= Task brief =
Reproduce the listing below character for character; drop every image.

(Beginning of Collected material)

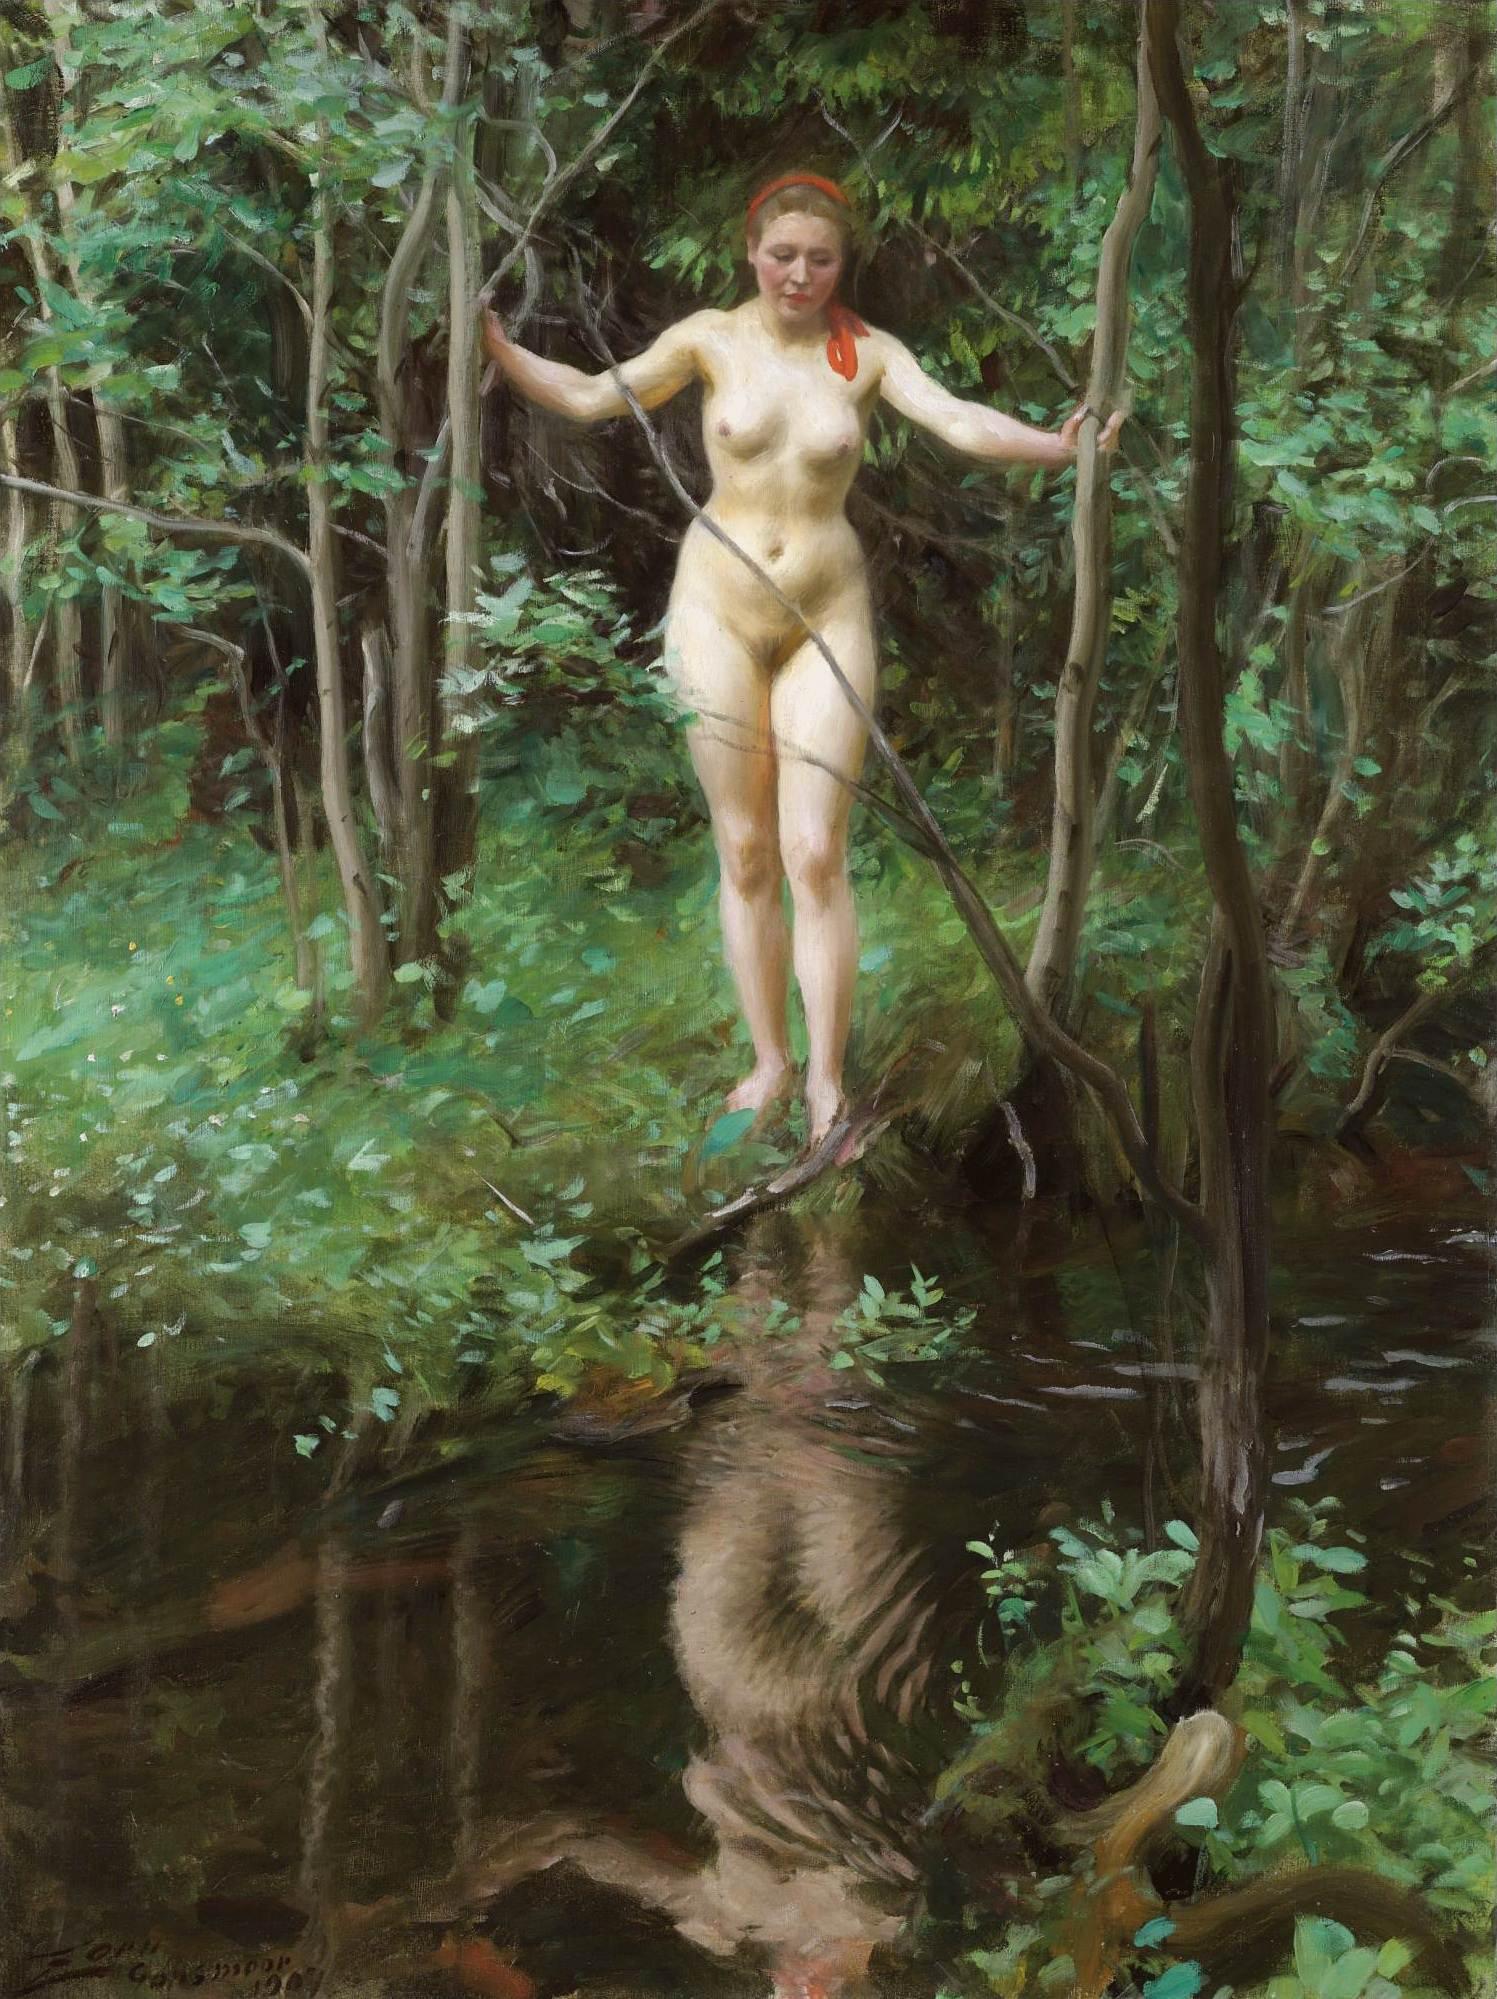 Anders Leonard Zorn. 1860-1920. Ингеборга. 1907, 120 х 91 см. Частная коллекция
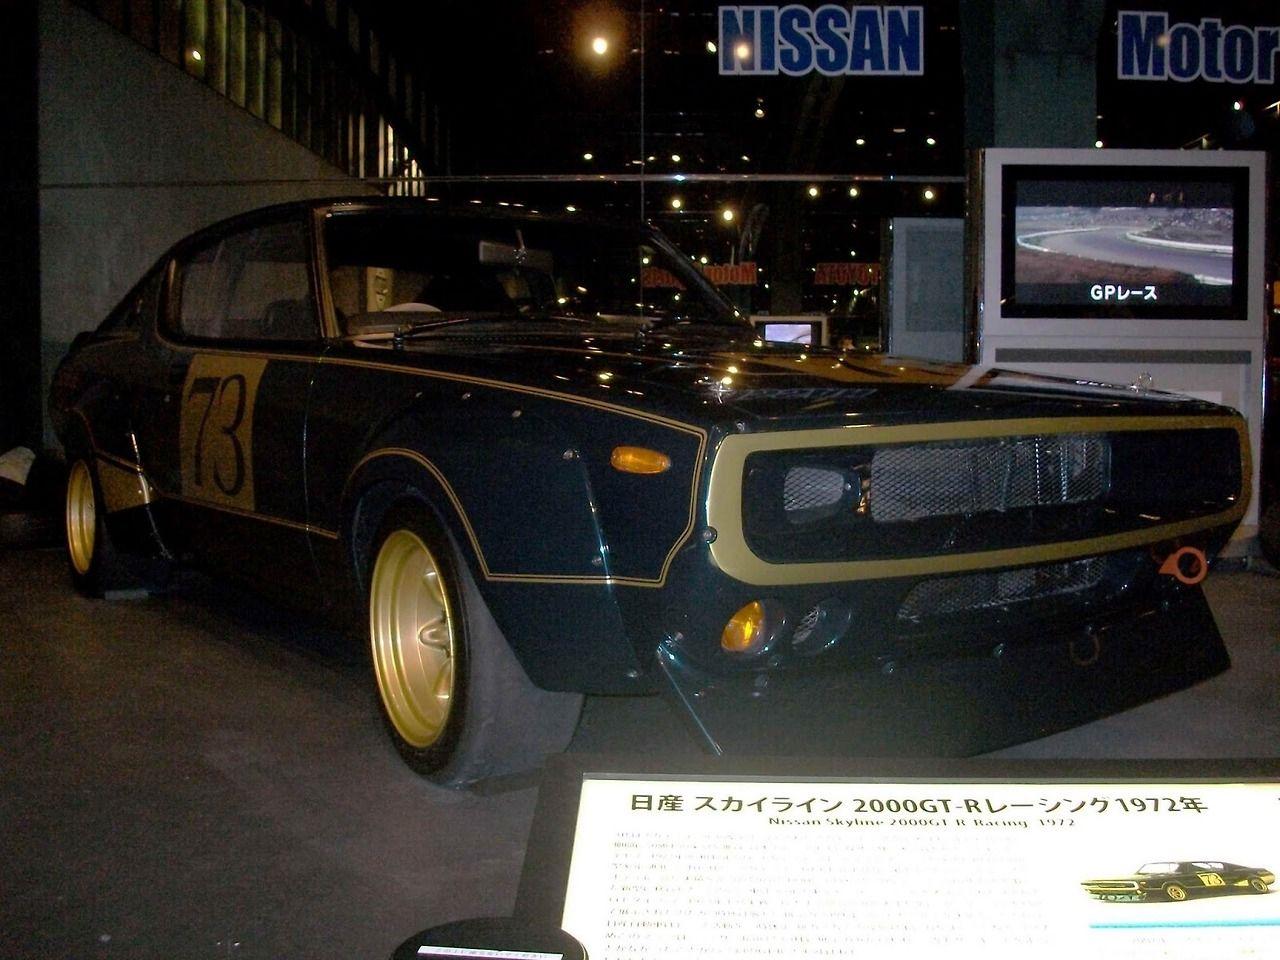 1972 nissan skyline 2000gt r race car kenmeri full works 1972 nissan skyline 2000gt r race car vanachro Gallery
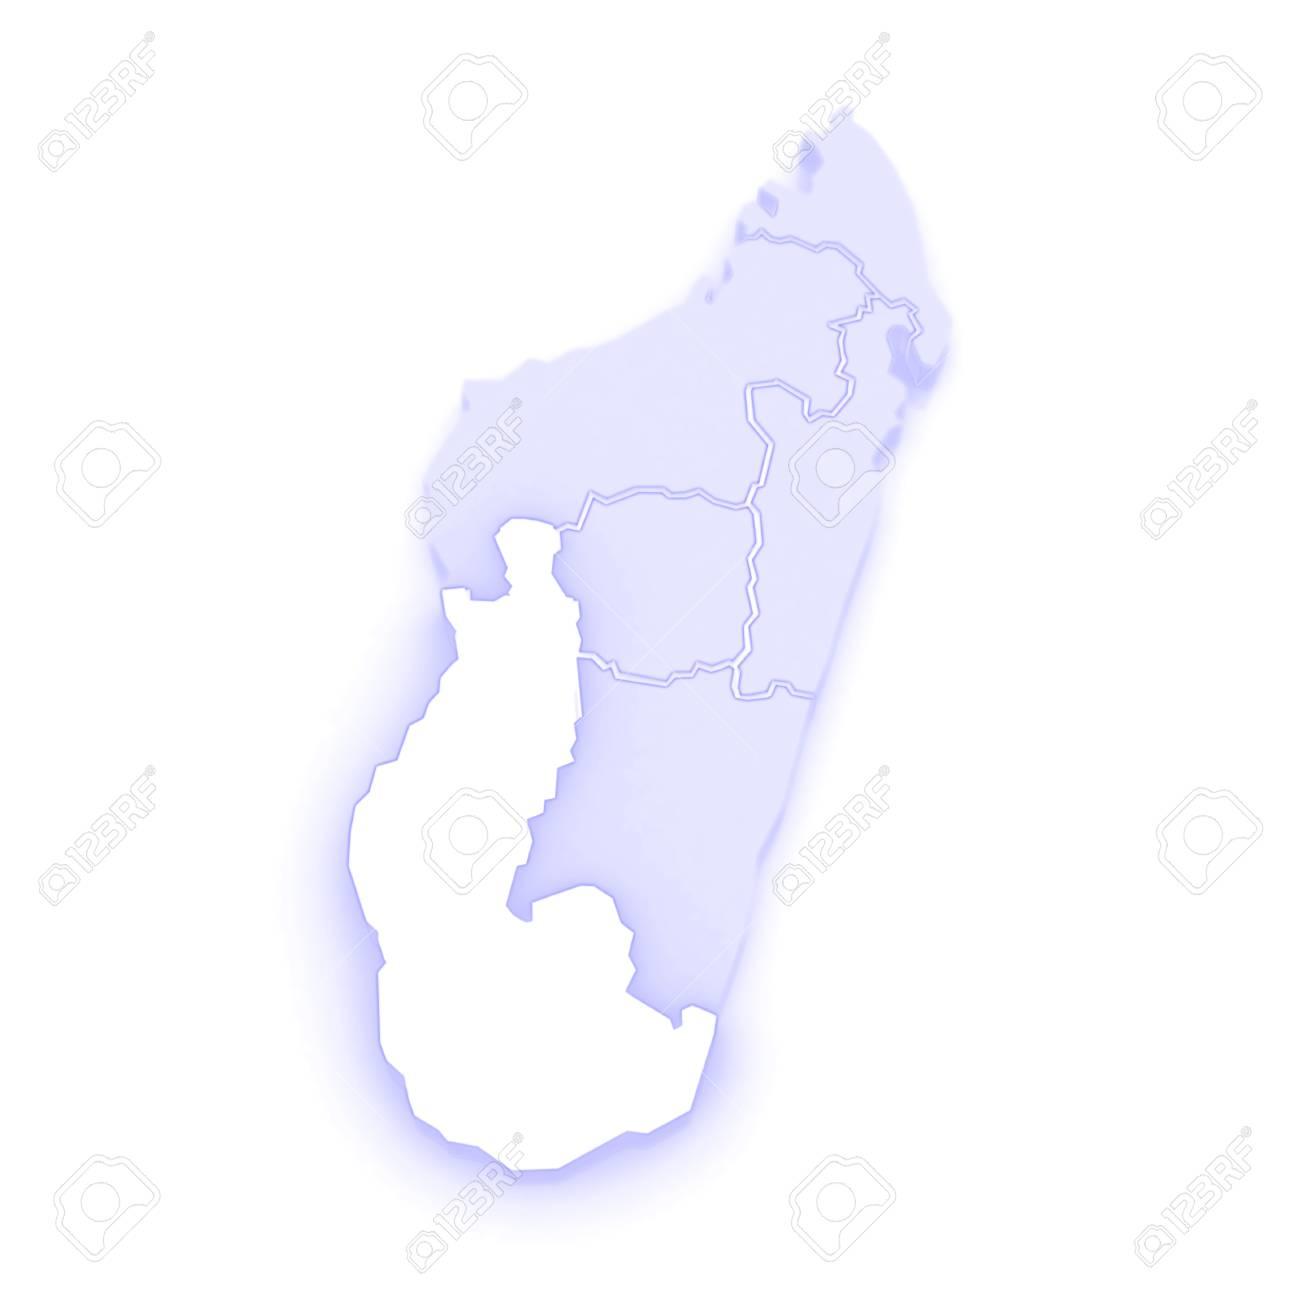 Map of Toliara. Madagascar. 3d
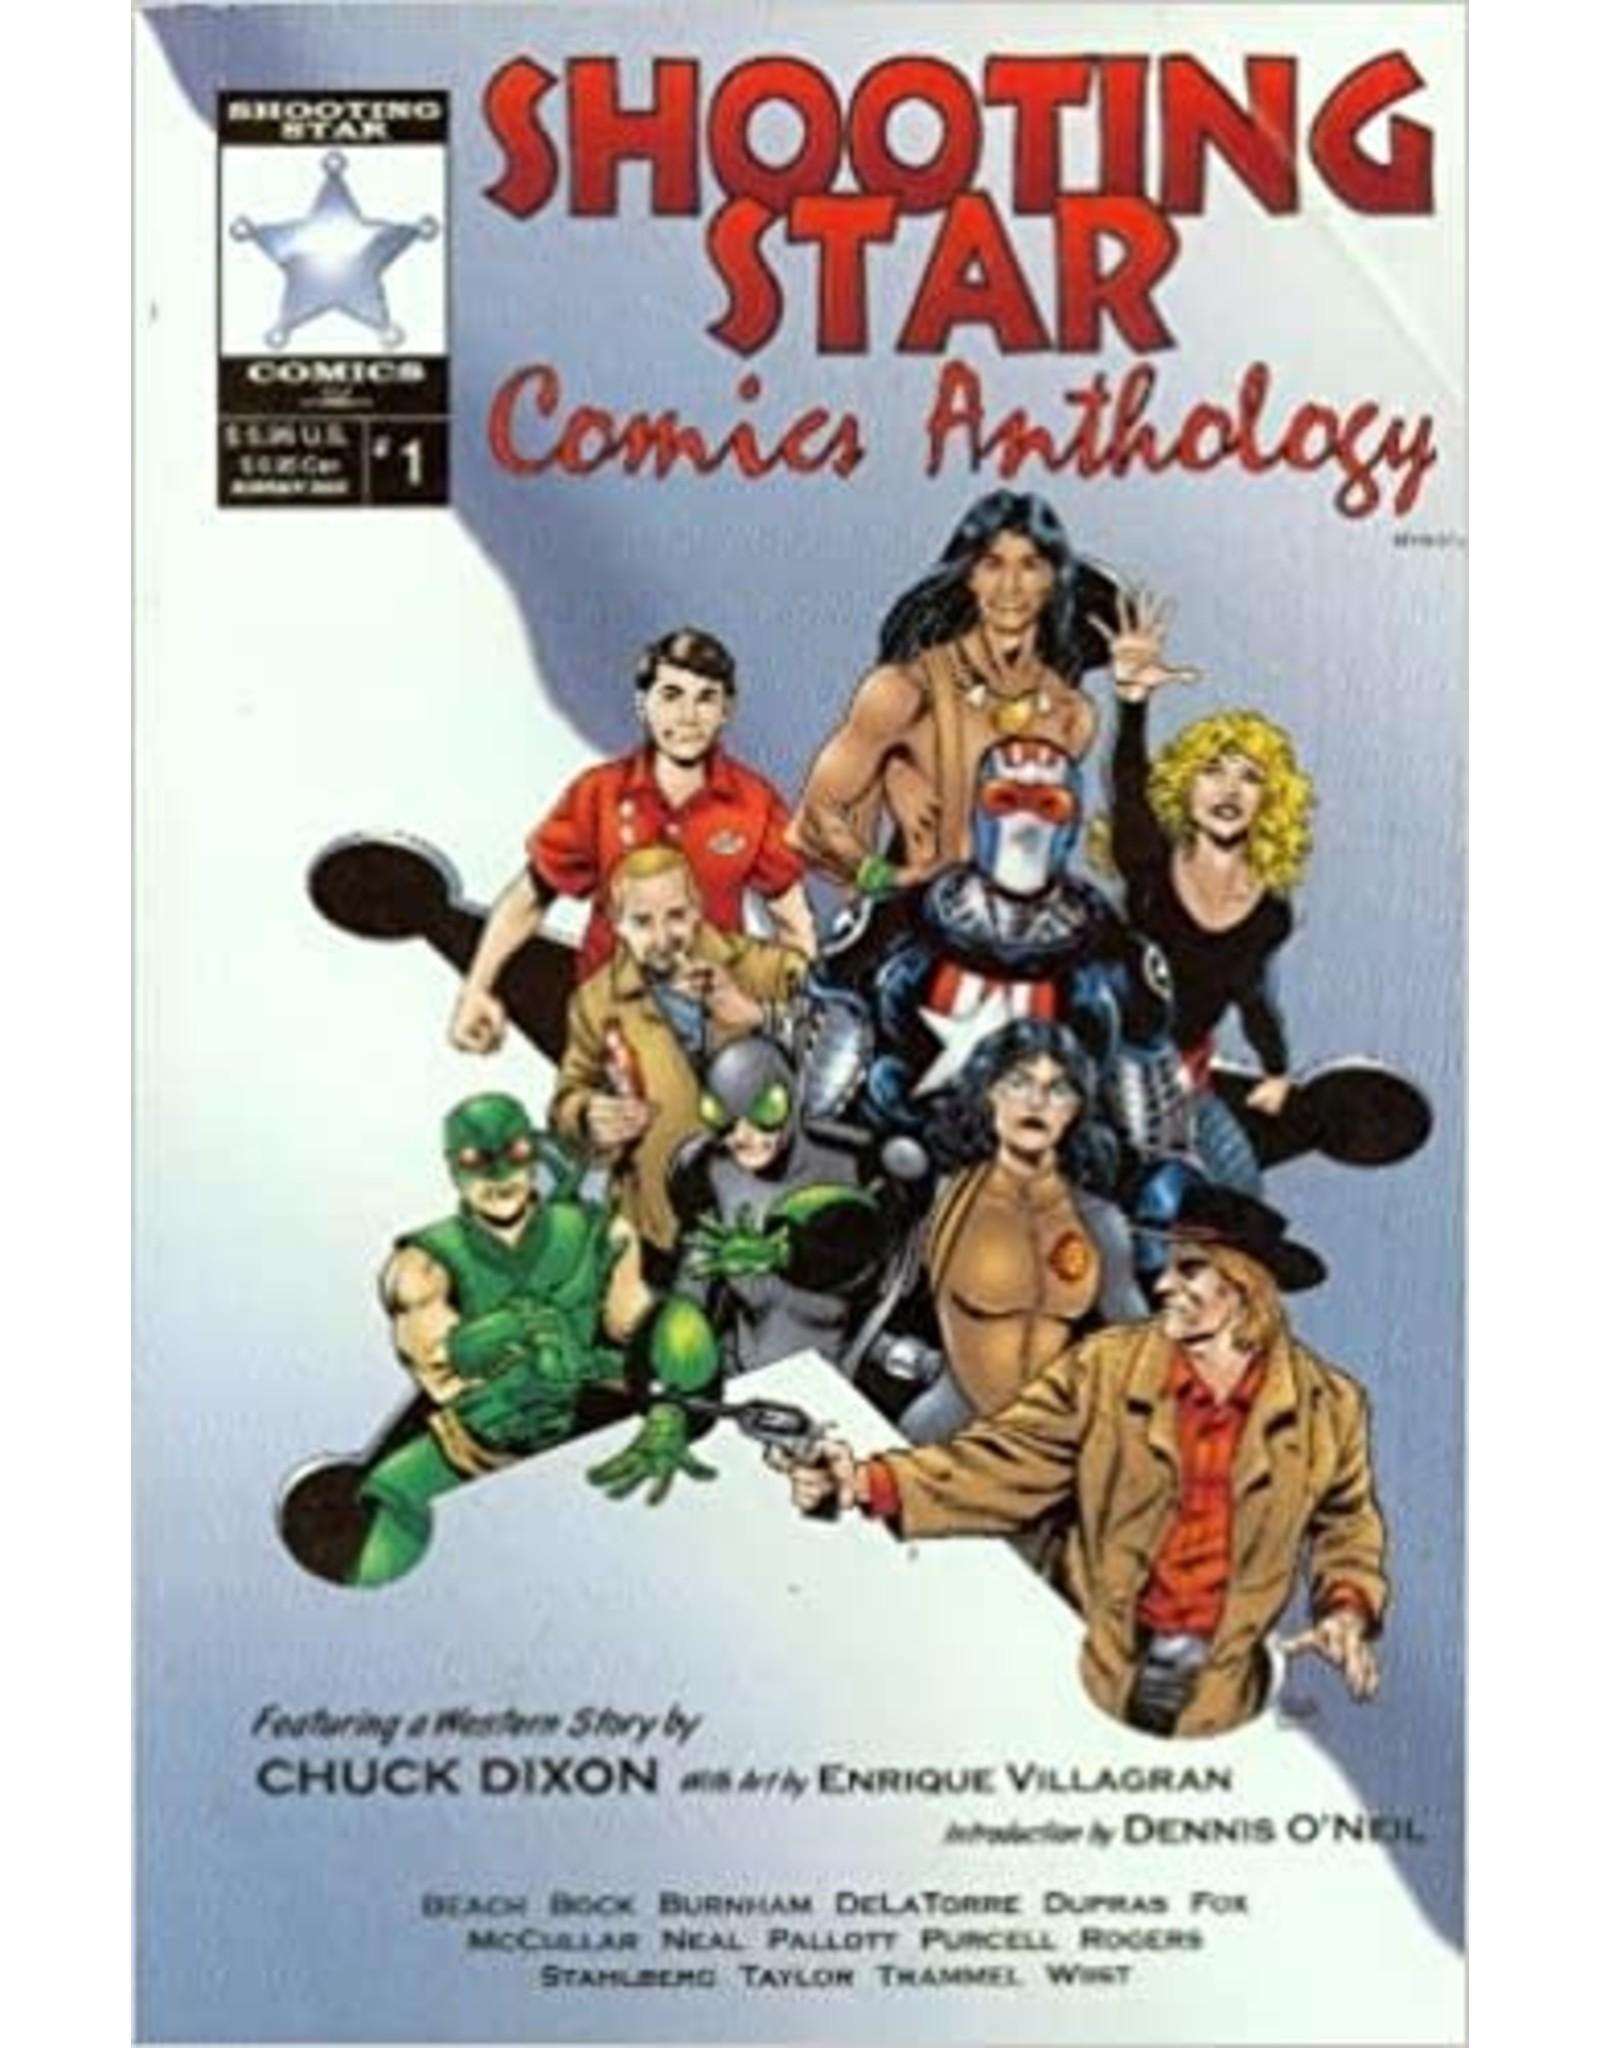 SHOOTING STAR COMICS SHOOTING STAR COMICS ANTHOLOGY #1

(End of Collected material)

= Result for this exercise =
 Anders Leonard Zorn. 1860-1920. Ингеборга. 1907, 120 х 91 см. Частная коллекция
 1972 nissan skyline 2000gt r race car kenmeri full works 1972 nissan skyline 2000gt r race car vanachro Gallery
 Map of Toliara. Madagascar. 3d
 SHOOTING STAR COMICS SHOOTING STAR COMICS ANTHOLOGY #1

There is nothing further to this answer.